FAIRE isolates intragenic transcription start sites specific to individual cell types
The transcription of the lymphocyte-specific protein 1 gene (LSP1)
is regulated in a tissue-specific manner, whereby alternative promoters
are utilized in lymphocyte or fibroblast cells. This alternative promoter
usage is controlled by differential utilization of regulatory elements
in the two cell-types (Gimble et al. 1993; Misener
et al. 1994; Thompson et al. 1996). The promoter
that produces the longer LSP1 transcript is utilized in lymphocyte
cells, whereas the promoter producing the shorter fragment is utilized
in fibroblasts (Fig. 5).
Figure 5. Tissue-specific accessibility of the LSP1 promoter
at alternative TSSs.
Figure 5. Tissue-specific accessibility of the LSP1 promoter at alternative TSSs.
FAIRE from fibroblasts and the DNaseI hypersensitivity data (Crawford
et al. 2006; Sabo et al. 2006) from lymphoblastoid
cells correspond to alternative, tissue-specific promoter usage at the
LSP1
gene. On the top track, an asterisk marks the peak in the raw FAIRE
data that corresponds to the TSS shown to be active in fibroblast cells.
Data corresponding to RNAP, TAF1, and the histone modifications from adult
and
embryonic lung fibroblast cells are shown in the tracks below (Kim
et al. 2005a,b; Koch et al. 2007). These tracks
are also consistent with the utilization of this TSS in fibroblast cells.

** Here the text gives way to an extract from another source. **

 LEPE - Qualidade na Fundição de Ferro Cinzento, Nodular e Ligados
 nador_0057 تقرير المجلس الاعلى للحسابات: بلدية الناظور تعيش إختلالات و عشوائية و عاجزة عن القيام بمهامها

The bottom two tracks show DNaseI hypersensitivity results from
lymphoblast cells, with a peak that corresponds only to the TSS for the
lymphoblast-specific transcript (gray asterisk). An unannotated
TSS about 10 kb downstream of the second TSS is suggested by the FAIRE
signal (upper track, just below the 10 -25 cutoff for
peak detection) and the strong ChIP–chip signals. The units of data for
each track are described in Figure 2. The region shown
corresponds to chromosome 11 coordinates 1,830,000 to 1,870,000.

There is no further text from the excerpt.